We both (along with hippo33) agree that everyone does not need to lead a
balanced life. There are other valid choices like a life of dedication to a
specific cause or pursuit. Or anywhere in between that makes you happy.

We disagree on whether you should use the word balance when you "technically"
mean the exact opposite. That's poor communication in my opinion.

------
benlower
I find it odd that we call it "work-life" balance. So work comes first and
life second? I've started calling it "life-work" balance. Not to imply that I
work less but that things are well integrated and stuff that feels like work
comes second :-)

------
padobson
I agree that we shouldn't be looking at it in terms of hours, but I don't know
if it can be measured in terms of happiness (as the author seems to be
indicating) either.

What are your goals? What is it going to take for you to achieve those goals?
Will you be happy working towards those goals? Is the misery that you're going
to have to endure to achieve those goals worth it?
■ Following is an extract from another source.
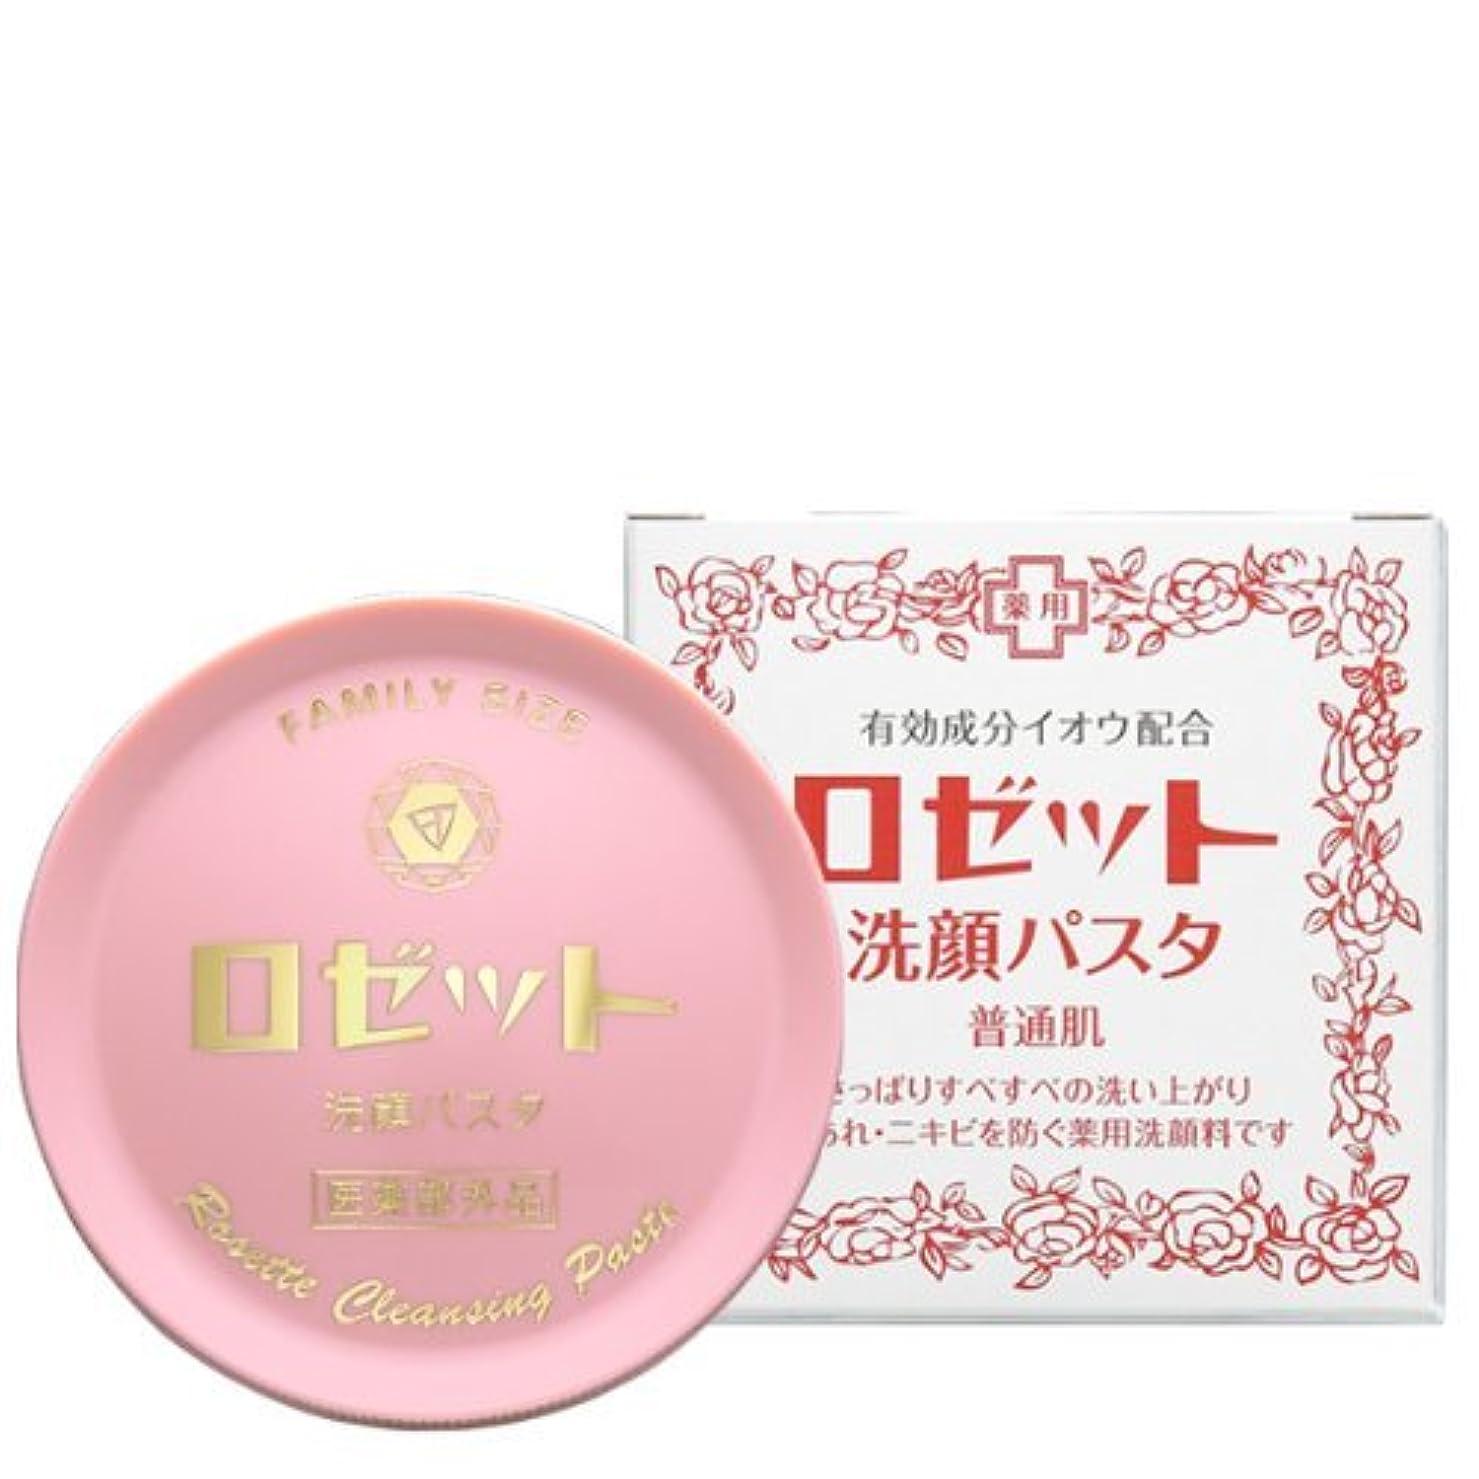 地平線余裕があるカニロゼット 洗顔パスタ 普通肌 90g (医薬部外品)

Can you sustain that level
of misery and still accomplish your goals?

 _But, it could also mean that you’re just a lot dumber and less efficient
than your peers who could do the same thing without pulling an all-nighter._

You may well be dumber than someone who doesn't need an all-nighter to do what
you're doing, but you may want the prize you're working towards more than the
person getting 8 hours of sleep - so go for it.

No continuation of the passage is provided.